Output the lines of the records from the one containing "Un trabajador embolsa" through the last, both ends included. Leave pictures out.
========
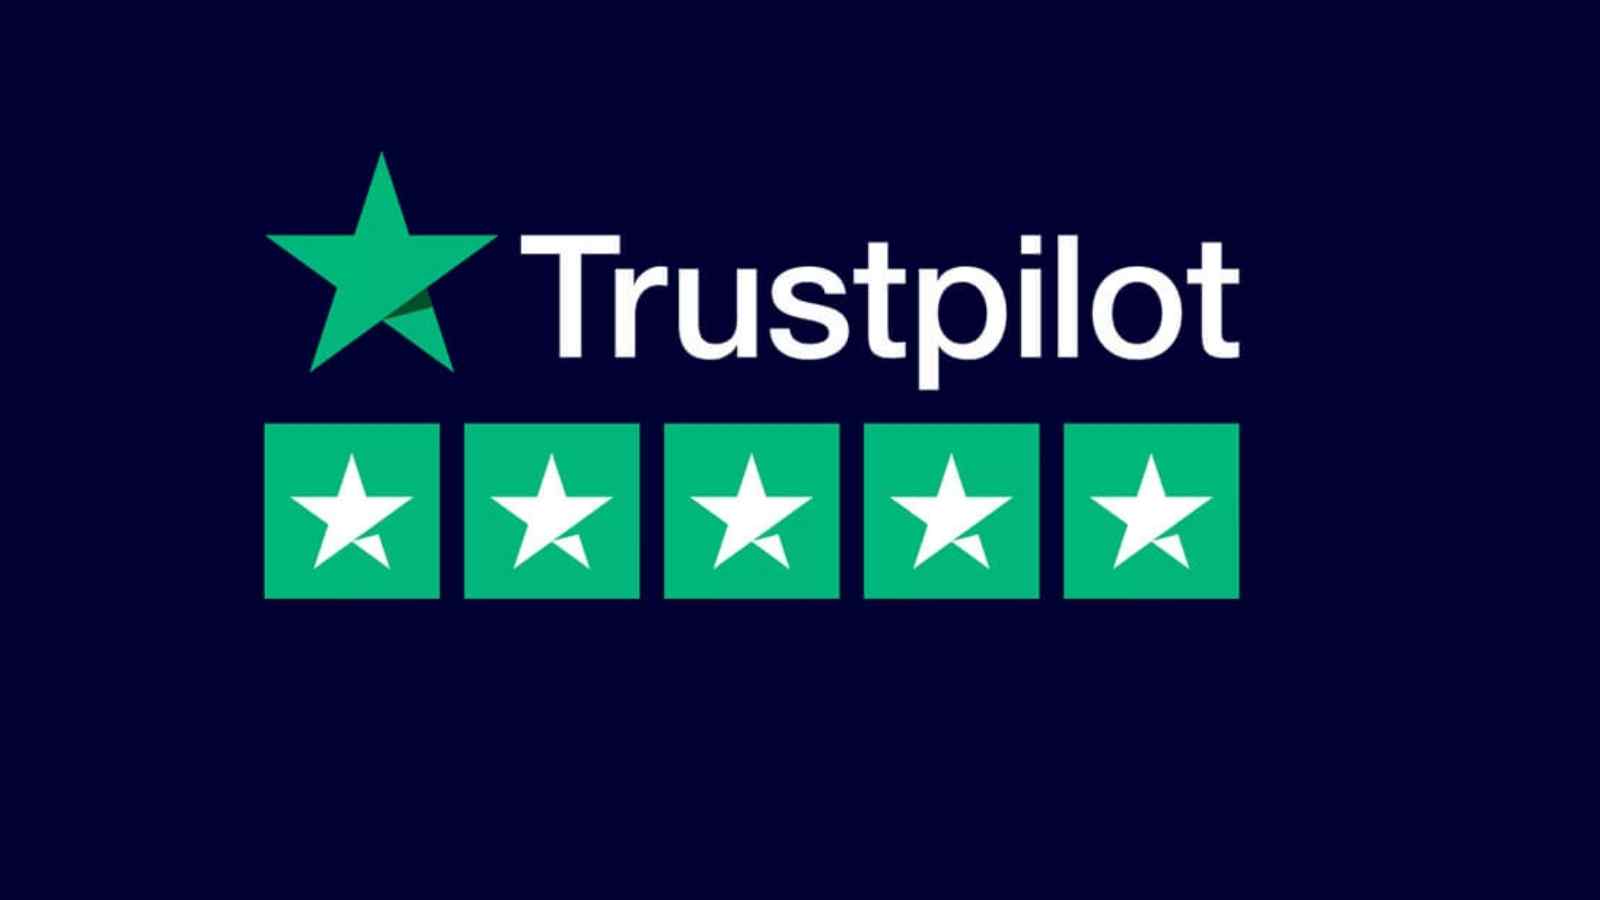 Trustpilot cresce di anno in anno, e fa del suo meglio per mantenersi un terreno neutrale tra aziende e utenti
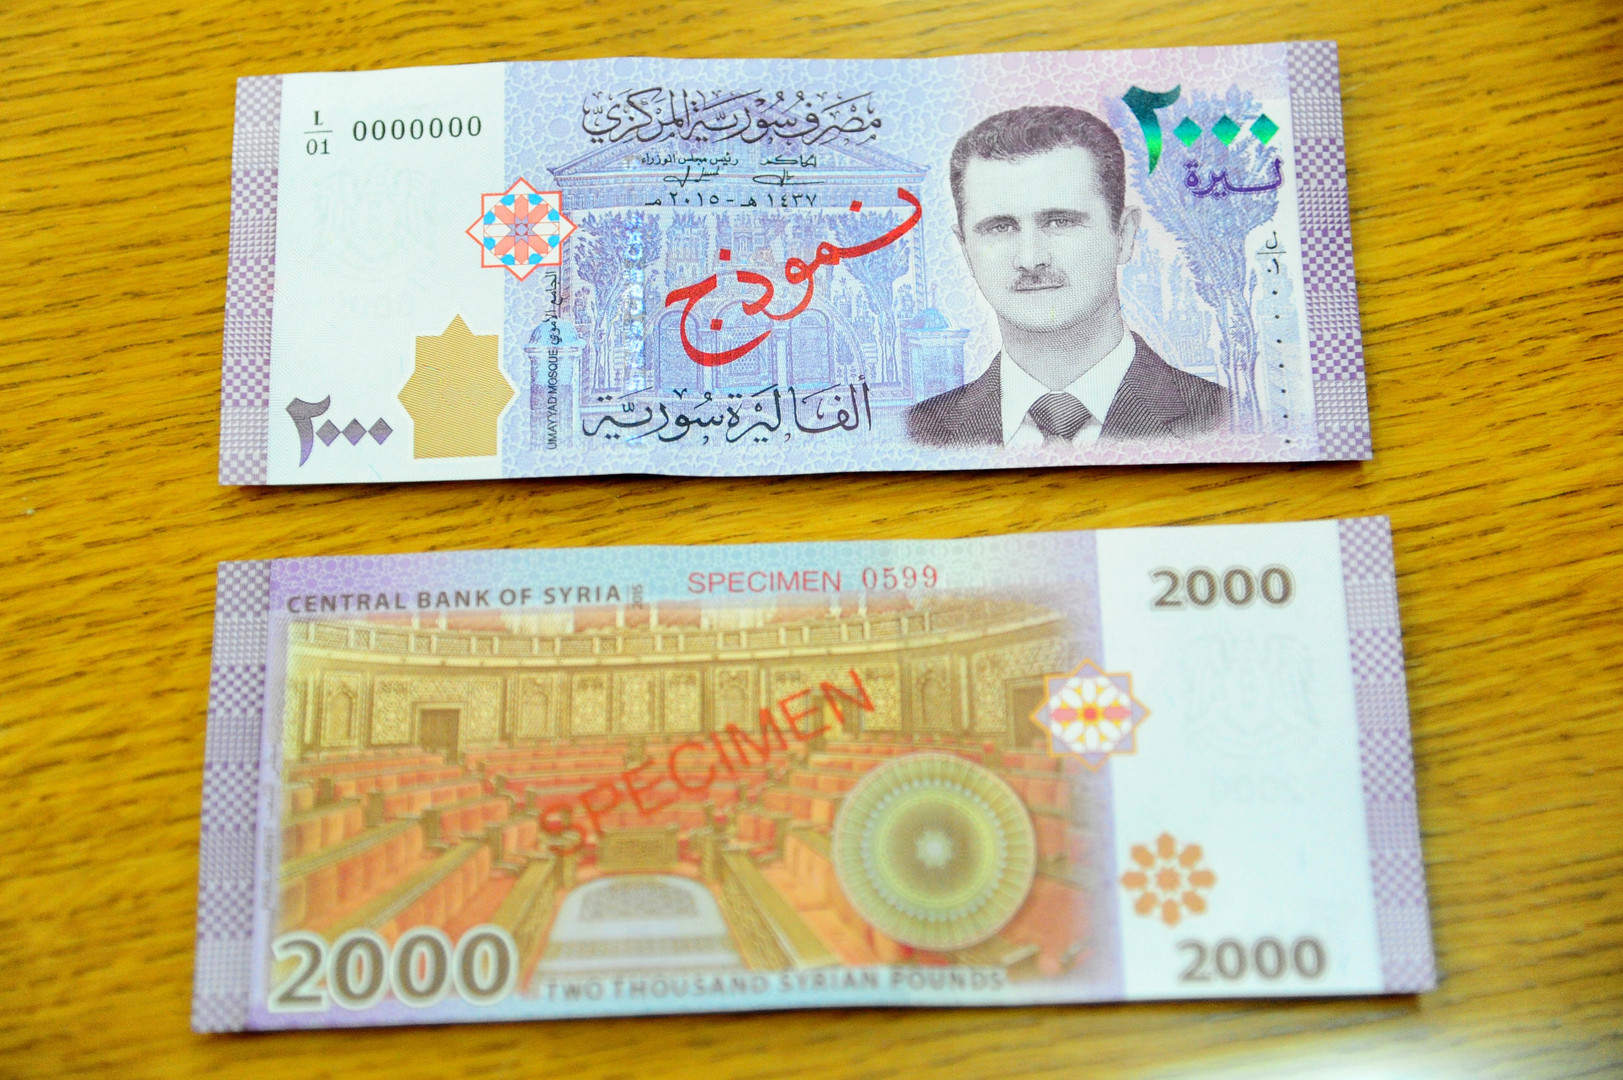 دام برس : دام برس | كيف تقبّل الشارع السوري الـ 2000 ليرة .. وهل إشاعة صدور عملة بقيمة أكبر صحيحة ؟
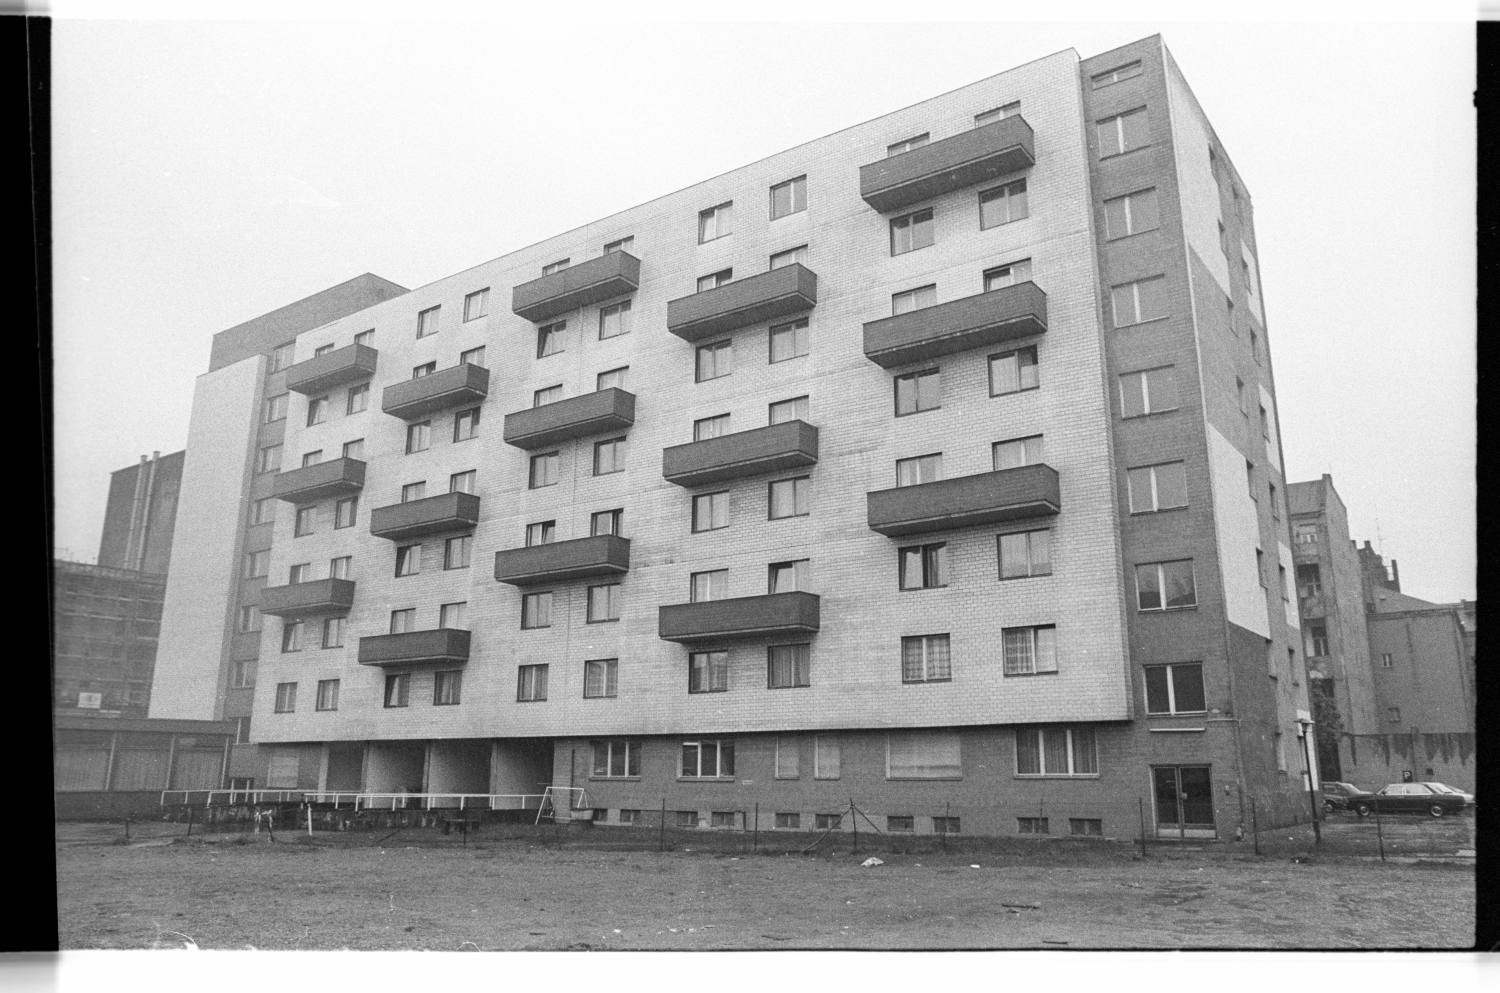 Kleinbildnegative: Mietshaus und Seniorenheim, Bülowstraße, 1982 (Museen Tempelhof-Schöneberg/Jürgen Henschel RR-F)
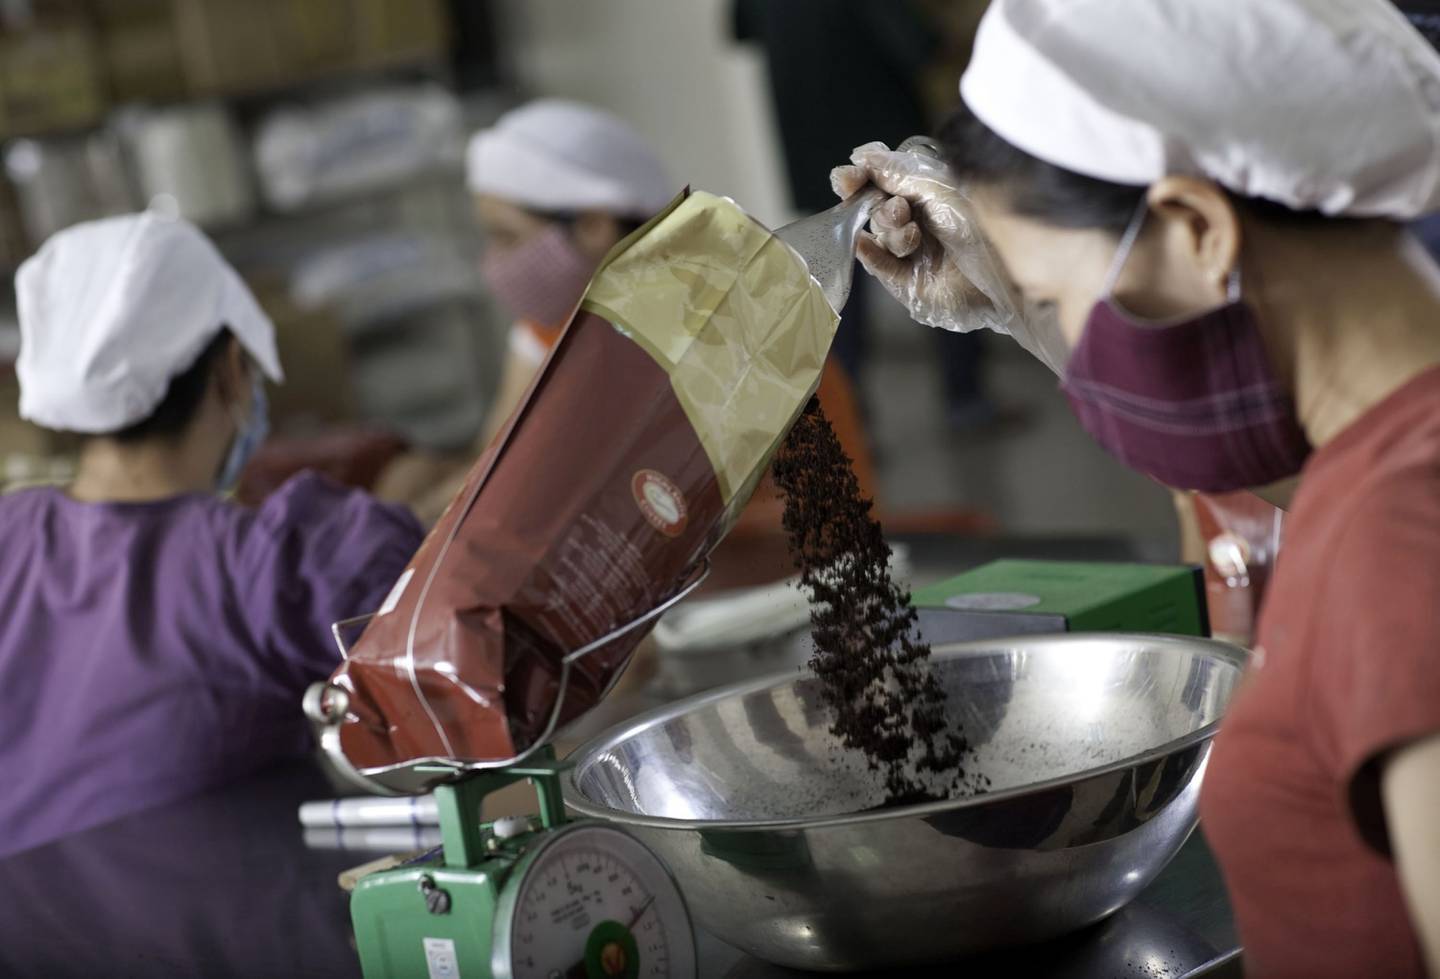 Un trabajador embolsa y pesa granos de robusta tostados y molidos para su distribución en la planta de procesamiento de café Highlands en Ciudad Ho Chi Minh, Vietnam, el viernes 1 de octubre de 2010.  Fotógrafo: Jeff Holt/Bloomberg
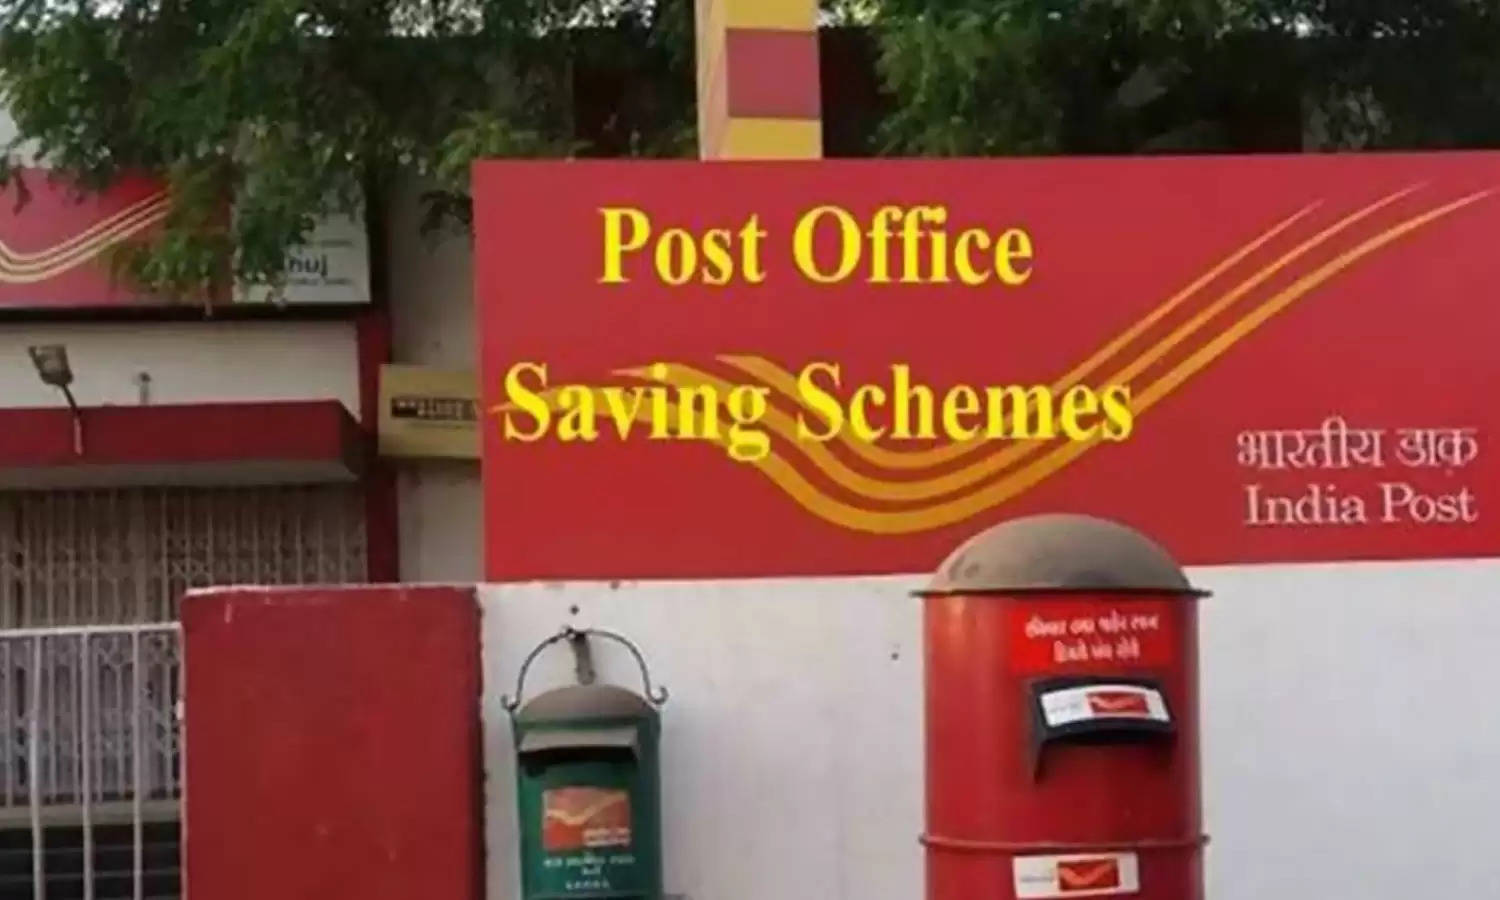 Post Office Scheme: सिर्फ 50 रुपए की बचत में पाएं 35 लाख का रिटर्न, पढ़ें पूरी डिटेल
========
● Final answer:
 Un trabajador embolsa y pesa granos de robusta tostados y molidos para su distribución en la planta de procesamiento de café Highlands en Ciudad Ho Chi Minh, Vietnam, el viernes 1 de octubre de 2010.  Fotógrafo: Jeff Holt/Bloomberg
 Post Office Scheme: सिर्फ 50 रुपए की बचत में पाएं 35 लाख का रिटर्न, पढ़ें पूरी डिटेल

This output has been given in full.